Она чуть было не стала читать заклинание Грозы еще раз, но это было бы ошибкой, потому что тогда, не исключено, возникла бы такая гроза, которая могла разрушить и самый ее замок… А молнии еще набирали силу. Следующий удар пришелся, когда Джарсин показалось, что она устала ждать. Удар тоже был правильным, хорошим, точным, ослепительным и оглушающим.
Но Камень снова промолчал, не издал ни одного блеска, хотя бы случайно похожего на искру. Джарсин не замечала, что сидит в своем кресле, обдаваемая сплошным потоком дождя, скорчившись, сжавшись в комок, хотя никогда прежде не боялась дождей… Она сидела и ждала, потому что в предсказании Берты Бело-Черной Созидательницы было сказано: когда молнии ударят в Камень трижды и он трижды не отзовется, тогда надеяться уже не что.
Третий удар пришелся вскоре после второго. И снова Джарсин не увидела искр, не увидела ничего, что могло бы ее хоть немного утешить. Она поняла, что Камень умер. И это означало, что ее прежнего мира больше нет.
Джарсин выбежала из покоя, в котором наколдовывала молнии. Такой ее никто из живущих в замке еще не видел! Служанки, стоящие на нижних ступенях и ожидающие, не понадобятся ли они Госпоже, в ужасе разбежались. Кнет выкатился за ней следом, но лишь сжался на ступенях, так что Джарсин, заметавшись на верхней площадке, об него чуть не споткнулась, и тогда она ударила его ногой, не понимая, насколько была сильной и резкой, но это отлично понял сам шут, когда со сломанными ребрами и, кажется, вывихнутой рукой, откатился на порог комнаты Камня и замер, задохнувшись от боли.
Хозяйка, едва заметив это, ринулась вниз, потом по анфиладам проходов и залов, о которых тут же забывала, и волосы ее, растрепанные бурей, развевались как у безумной. Да она и была в тот момент безумной, глаза ее горели неземным огнем, так горят только глаза драконов на старинных шпалерах, так светятся рубины при совершении над ними магических ритуалов, так могут гореть и уголья, если их раздувать горном.
Она бежала, ни на что не обращая внимания, она знала только одно: прошлое умерло вместе с Камнем! Ее гнал страх, невыносимый, не понимаемый простыми смертными ужас, что вот теперь со смертью Камня, изменилась сама структура ее, Джарсин, присутствия, власти в мире, и никто, даже она сама, не понимает, не может знать, как теперь будет дальше и что из этого получится.
Наблюдательница неслась по замку, словно смертоносный вихрь.

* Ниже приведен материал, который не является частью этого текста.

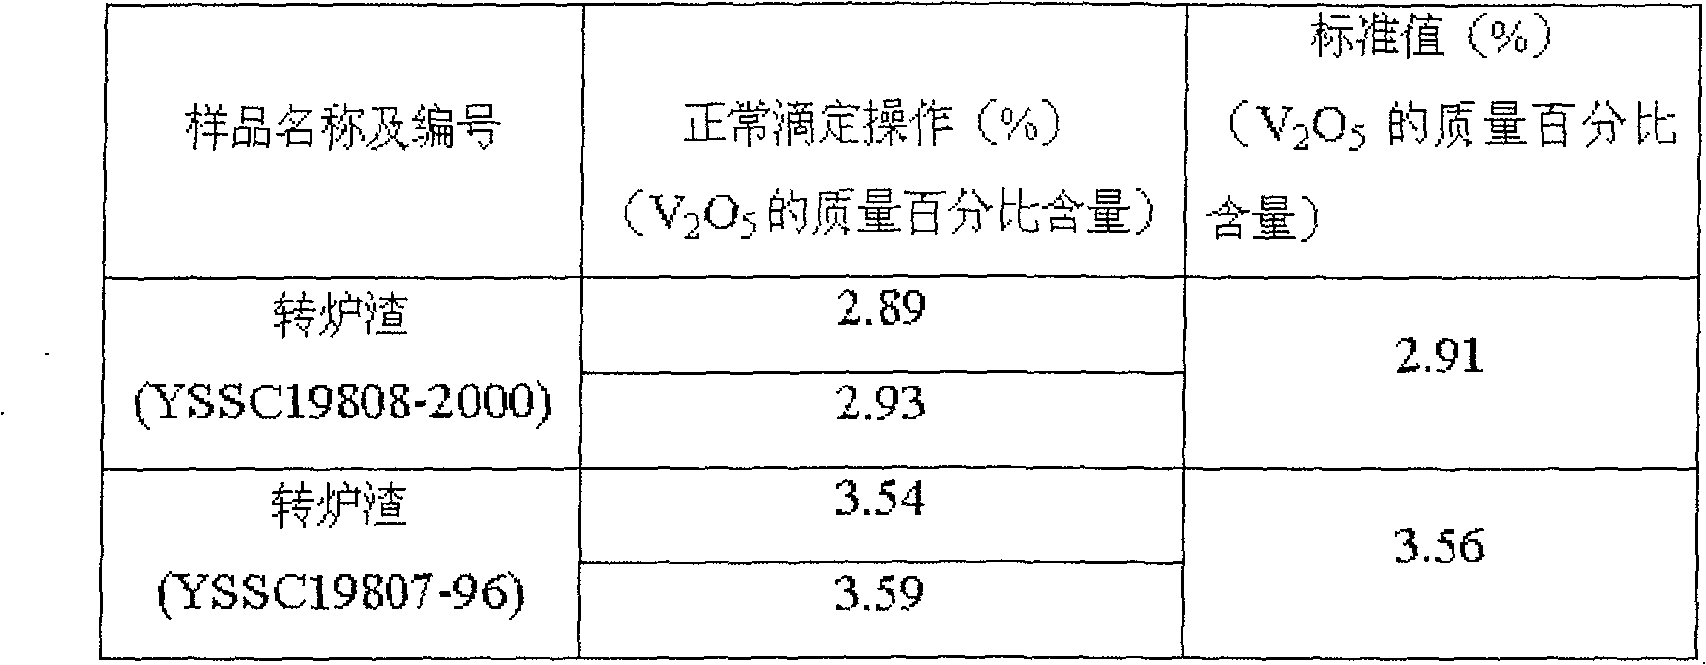 Method for eliminating error when measuring vanadium by ferrous ammonium sulfate capacitance method

Некоторые из предметов мебели загорались при ее приближении от страшного, чудовищного выброса магической энергии, которая истекала из нее вместе со страхом. Многие драгоценные цветы в ее оранжерее, привезенные в замок со всех концов Нижнего мира, засыхали на глазах, будто бы на них обрушился острый поток нежизни. Кони в конюшне разбивали и ломали себе ноги, пробуя выбраться из тесных денников, словно при пожаре. А она летела по галереям и залам замка в своем развевающемся бело-черном платье. Даже где-то в отдалении некоторые из людей почувствовали беспокойство и страх, не догадываясь о его причине, и особенно плохо стало тем, в ком имелась искра, кого эти искры хотя бы ненароком касались в поиске пристанища…
Лишь когда гроза в серой вышине вдруг стихла, словно была не в силах соревноваться с той мощью, которую обрушила на мир Джарсин Наблюдательница, и там, в серых тучах, установилось относительное спокойствие, она стала понемногу и сама затихать. Она будто бы впитывала теперь это спокойствие сверху, вторила ему и понемногу обретала себя в прежнем качестве архимагички, бесстрастной и непоколебимой…

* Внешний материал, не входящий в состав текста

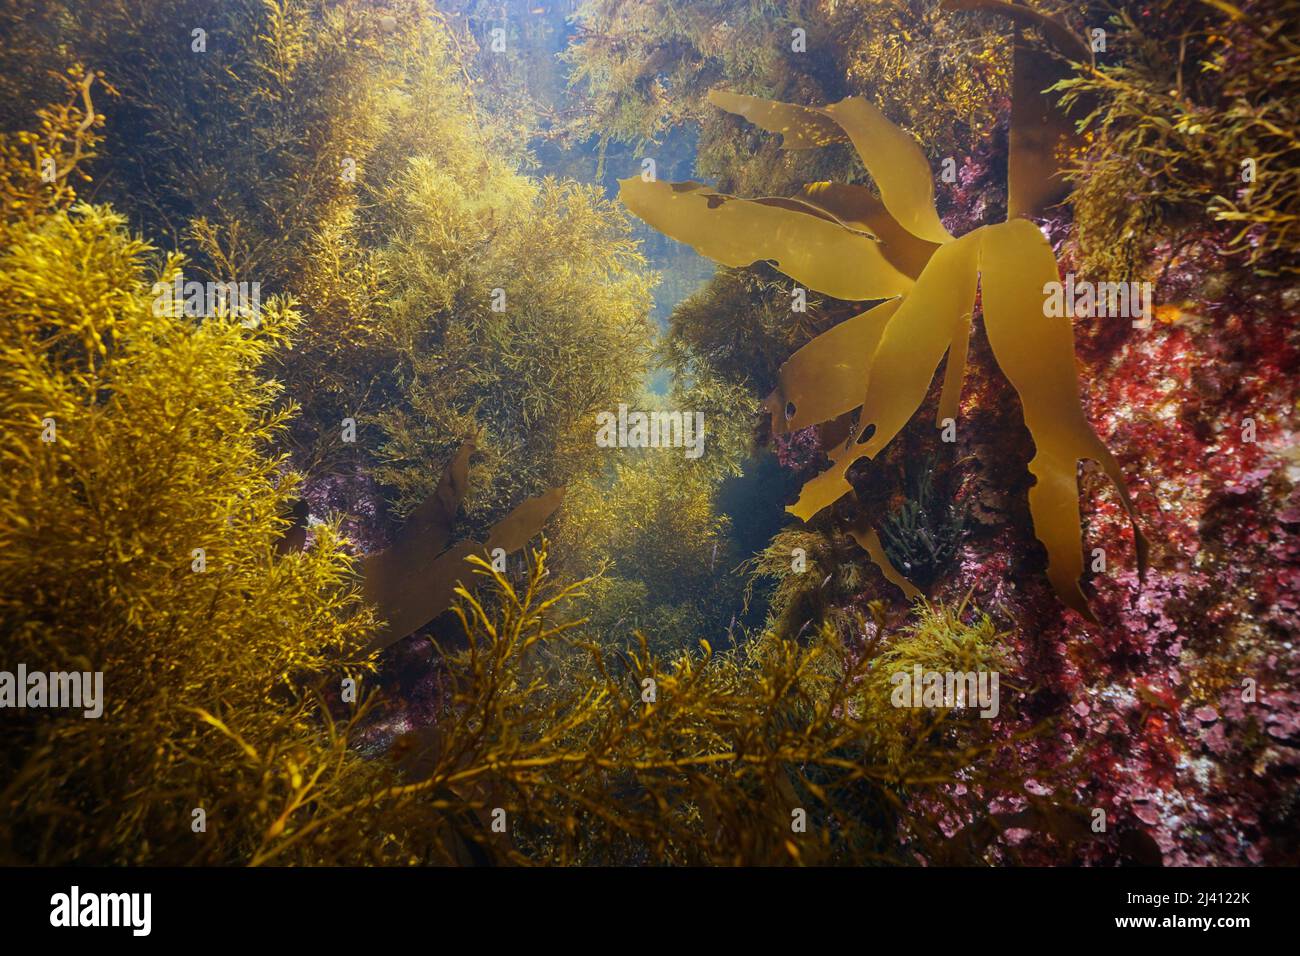 Algues marines algues sous l'océan Atlantique, Espagne, Galice Banque D'Images

И едва ли не помимо ее воли, помимо ее волнения, которое оказалось таким страшным, она начинала думать, размышлять, сначала эмоционально, чего не бывало уже многие века, но постепенно все более по-прежнему, холодно и расчетливо.
Джарсин остановилась, огляделась, она находилась в огромном парадном зале, когда-то она устраивала тут небывало пышные приемы для тех, кого почитала верными себе и своей власти. Тогда тут бывали разные существа, приведенные ее рыцарями из Нижнего мира, и даже маги, которых она могла терпеть возле себя. С тех пор прошло уже более тысячи лет, зал обветшал, его стены натекли селитрой от сырости, царившей здесь, как в глубоком подвале, вымпелы и знамена давно исчезнувших царств и армий, свисающие сверху со специальных растяжек, истлели, превратившись в серые от пыли лохмотья, даже стальные мечи и доспехи, стоящие в нишах между окнами, истаяли от ржавчины. Даже стекла в сложных и тонко сработанных переплетах из темной бронзы помутнели от прошедших веков, за ними ничего невозможно было увидеть, и непонятно было, в какую часть света они смотрели… Кажется, все же на юг, на равнины, подумала Джарсин неуверенно.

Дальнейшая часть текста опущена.